Лютый остров
Шрифт:
Только тут я увидел детей, что сгрудились у другой лодки. Кнежьи воины ходили меж них, пересчитывали, одну девчонку к бабам кинули – та кричала и из рук рвалась, да что она против них... Глядел я – и ног под собой не чуял. Да как я могу смотреть на это? Как могу? Спрашивал себя – и ответа не знал, а все одно стоял на месте и смотрел.
Отчего-то, когда домой шли, не мог я глядеть на Счастливу. Та щенка к груди прижимала, гладила его, болтала ласково, ровно с дитем. Я подумал, что никогда ей так свое дитя к груди не прижать, – и едва не завыл в голос. Щенок нос ей лизнул, она засмеялась. Посмотрела на меня радостно, благодарно, будто я сам ей этого щенка принес и подарил.
А я глядел и думал: нет, взвою, Горьбога бы по мою душу, точно взвою сейчас!
Слов
Едва сойдя на берег и кончив обниматься с женой и дочкой, кнеж скликал совет.
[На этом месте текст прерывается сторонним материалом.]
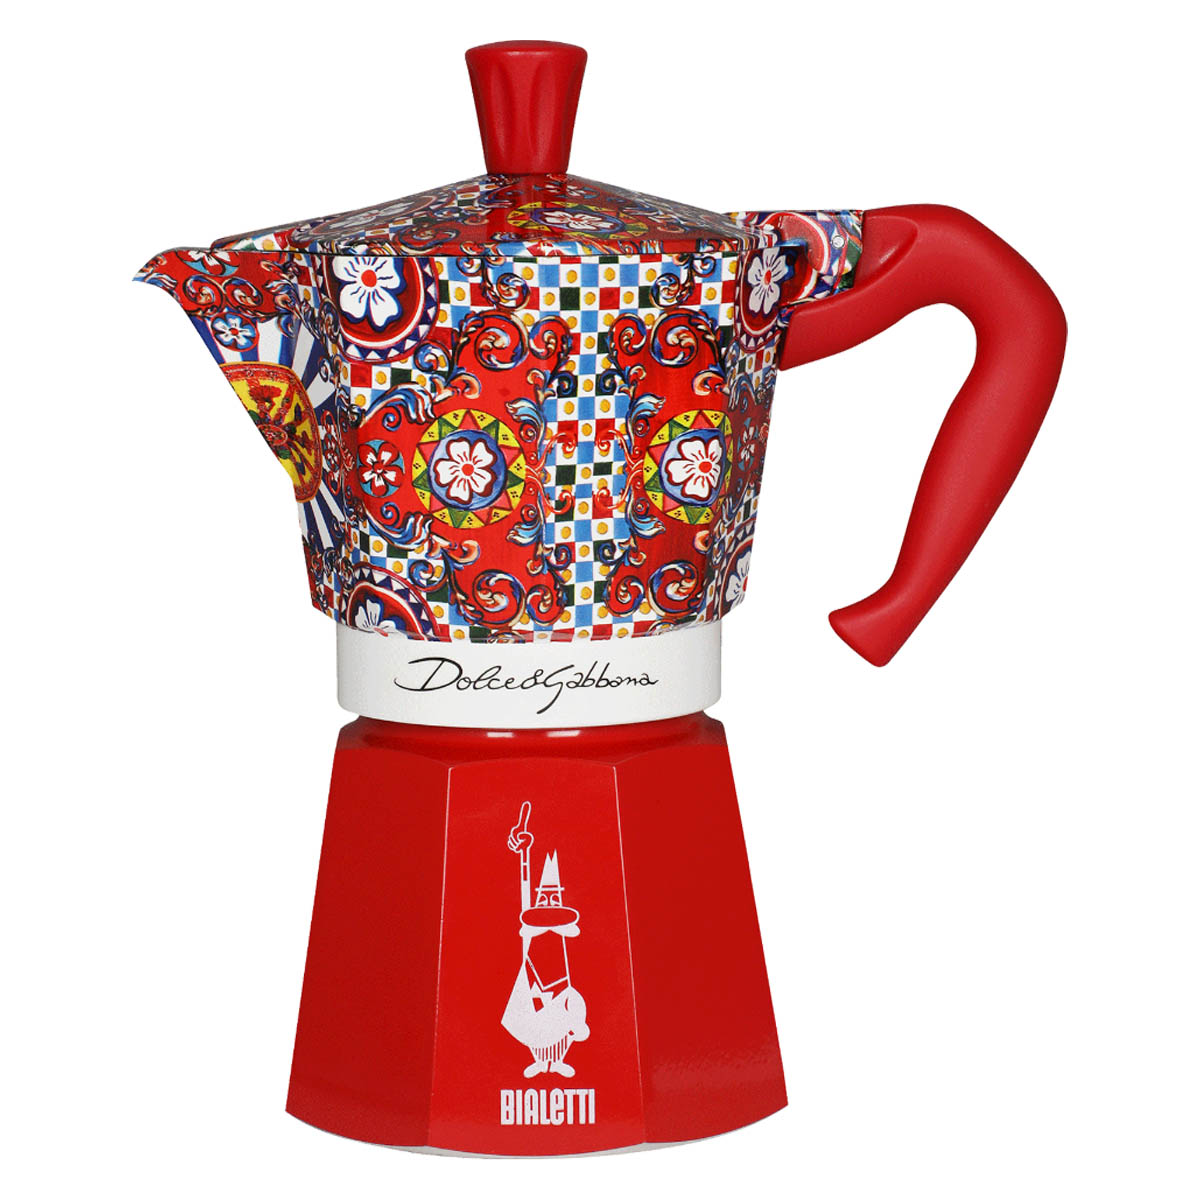 Гейзерная кофеварка Bialetti Dolce&Gabbana на 6 порций Bialetti 5221_6007, цвет красный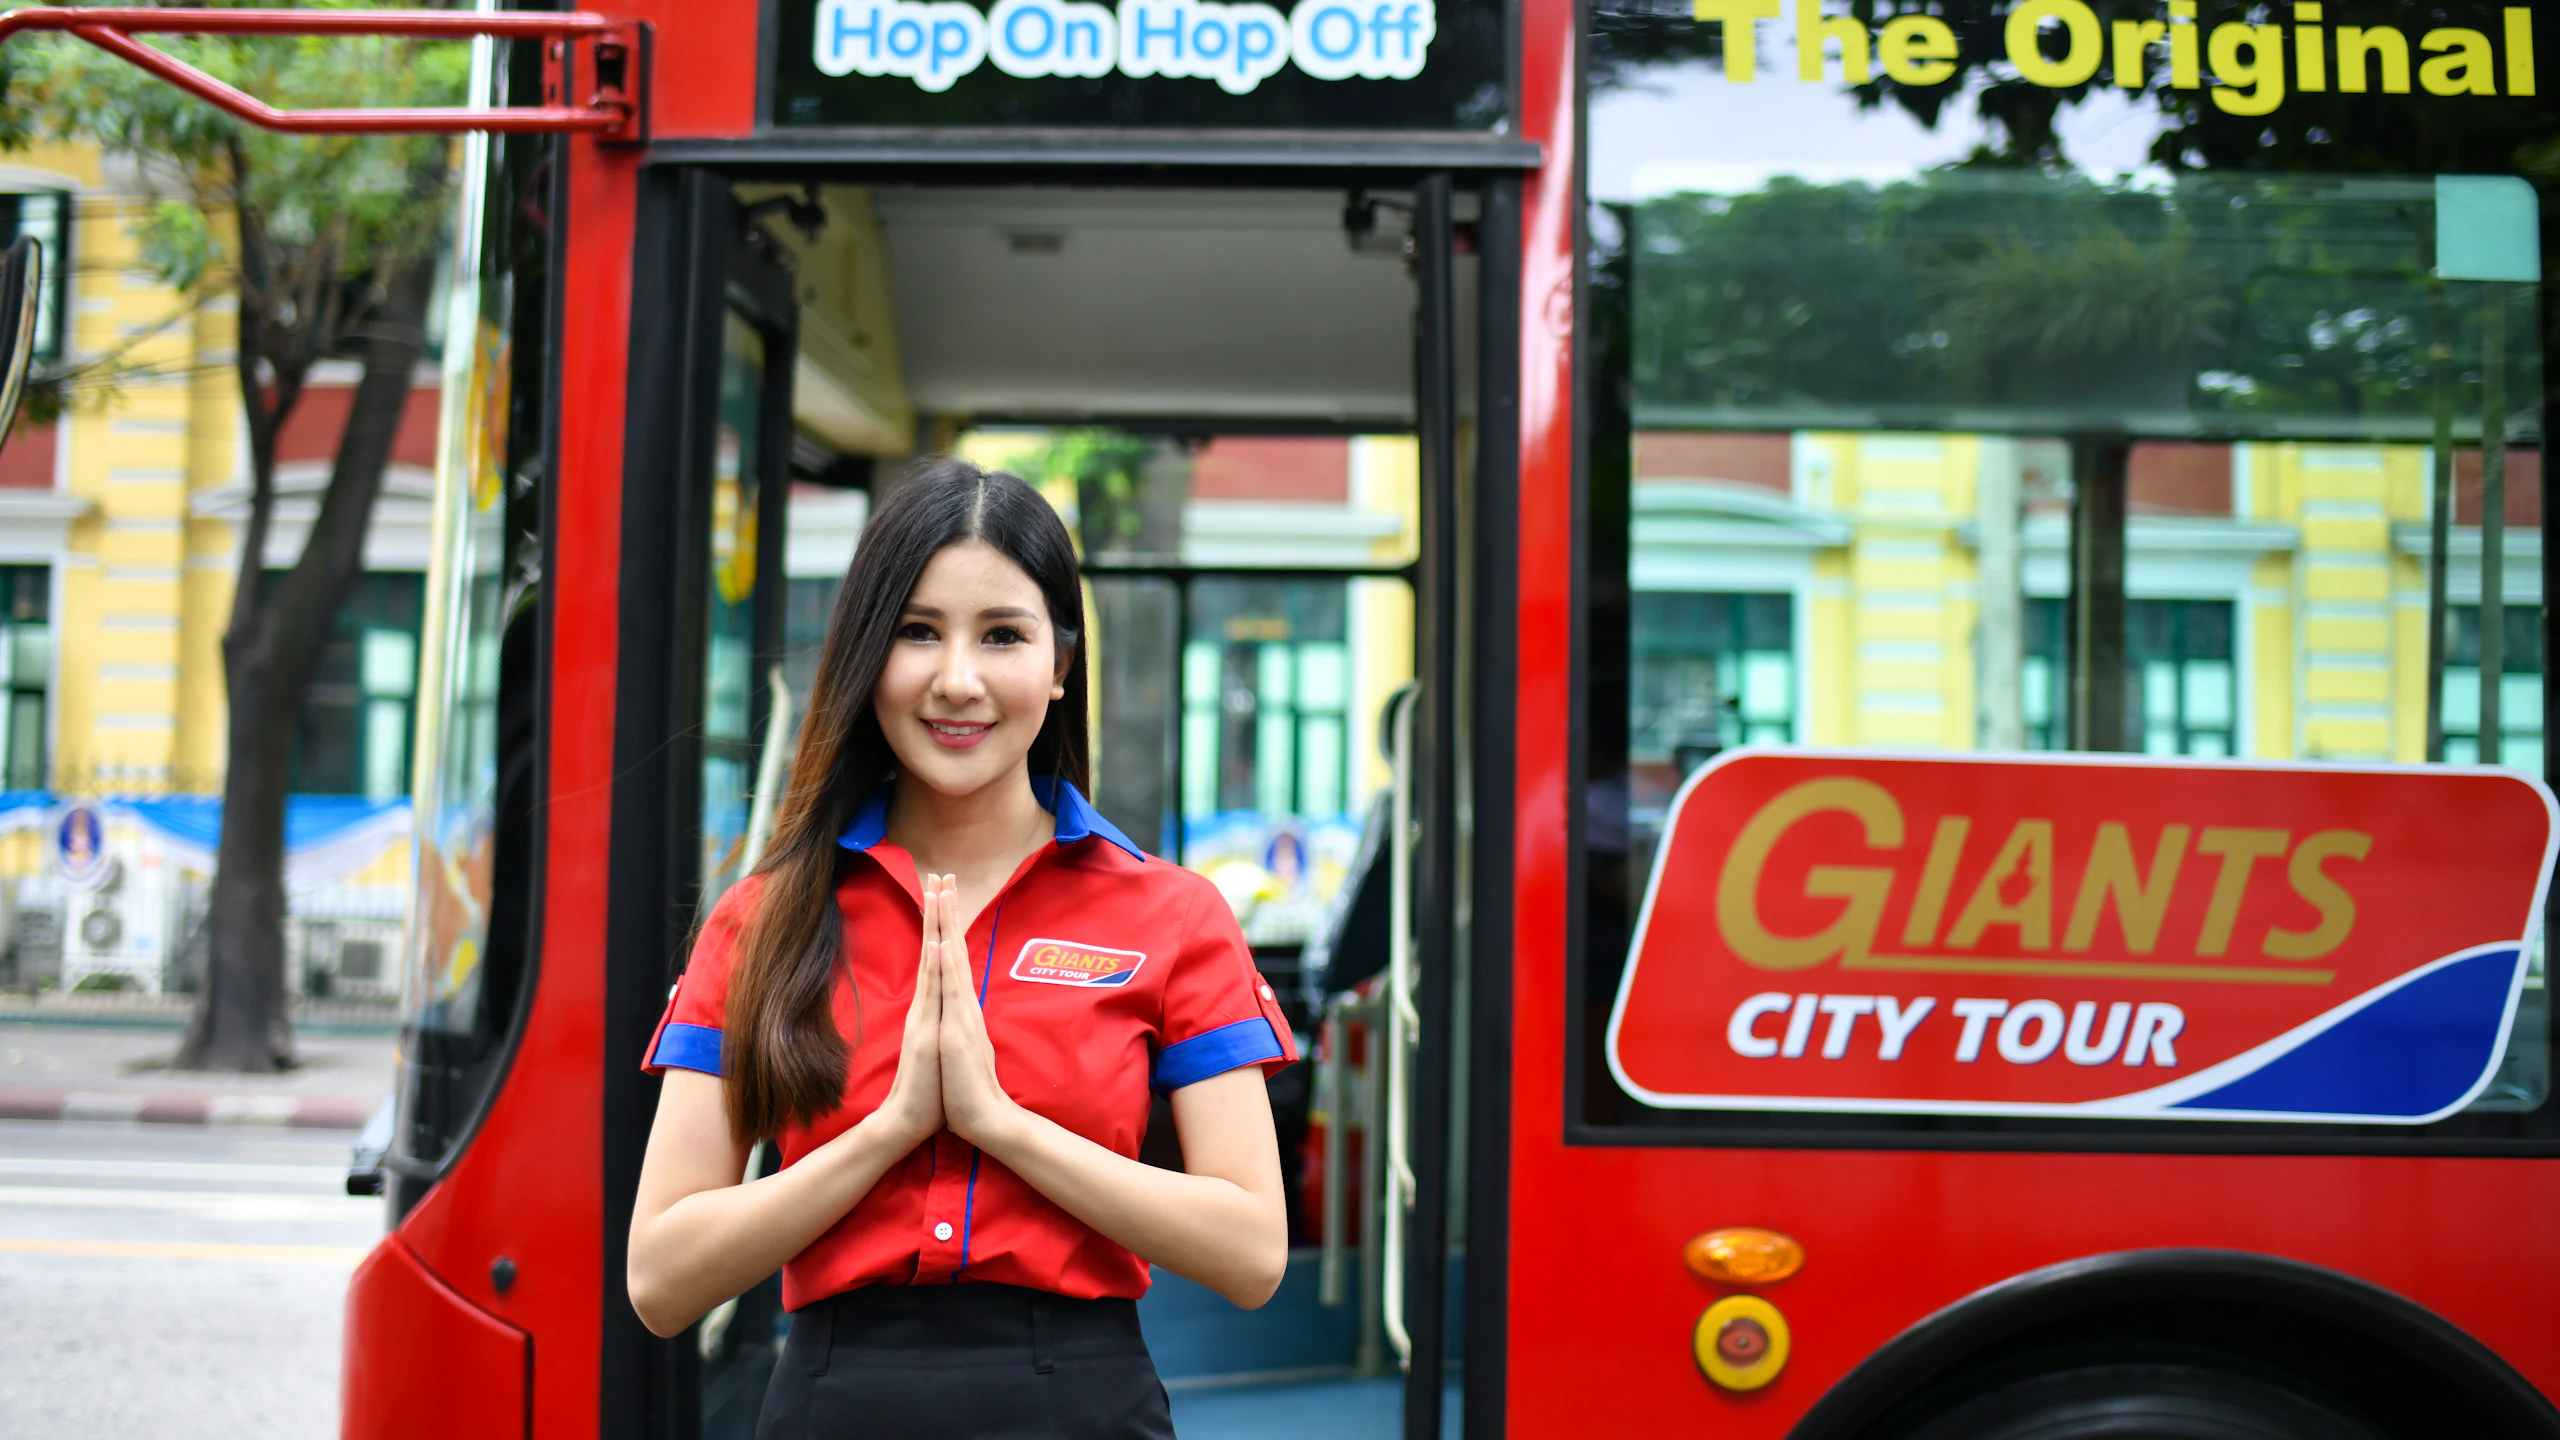 Hop on Hop off Bus Bangkok By Giants City Tour

На совет тот явилась вся его дружина. Спрашивал он, правда, только командиров своих, остальные стояли вдоль стен, помалкивали, кнежьи слова на ус мотали. Озабочен был Среблян, по лицу его тучи ходили, в глазах молнии посверкивали. Сошлись на одном: в поход идти надо, причем скоро. На судах, что море себе в дань забрало, зерно везли – неровен час будет Салхан-град голодать. Полей, что меж городом и скалами лежат, все одно не хватит, чтобы и город, и рудники прокормить. Беда была в том, что и уцелевшие корабли сильно потрепало в буре, чинить их было надобно, на то требовалось много дерева, а где его взять? Порешили один корабль починить, на нем пойти к Даланайским берегам, напасть там на поселение, привезть все, что надобно... Слушал и хмурился кнеж. Я стоял близ его кресла, где мне теперь по уставу было место отведено, и больше на него смотрел, чем слушал, что люди его говорят. Не любо ему было то, что они говорили. Видел я, что не хочет он снова этим летом ходить в набег – не хочет, а надо. Любопытно, один ли я это заприметил или нет? До того Сребляна все это встревожило, что не усидел он на месте, встал и стал прохаживаться по горнице, пока люди его наперебой говорили, сильными пальцами рассеянно волосы назад убирал. И чудилось мне, будто мыслью он далеко...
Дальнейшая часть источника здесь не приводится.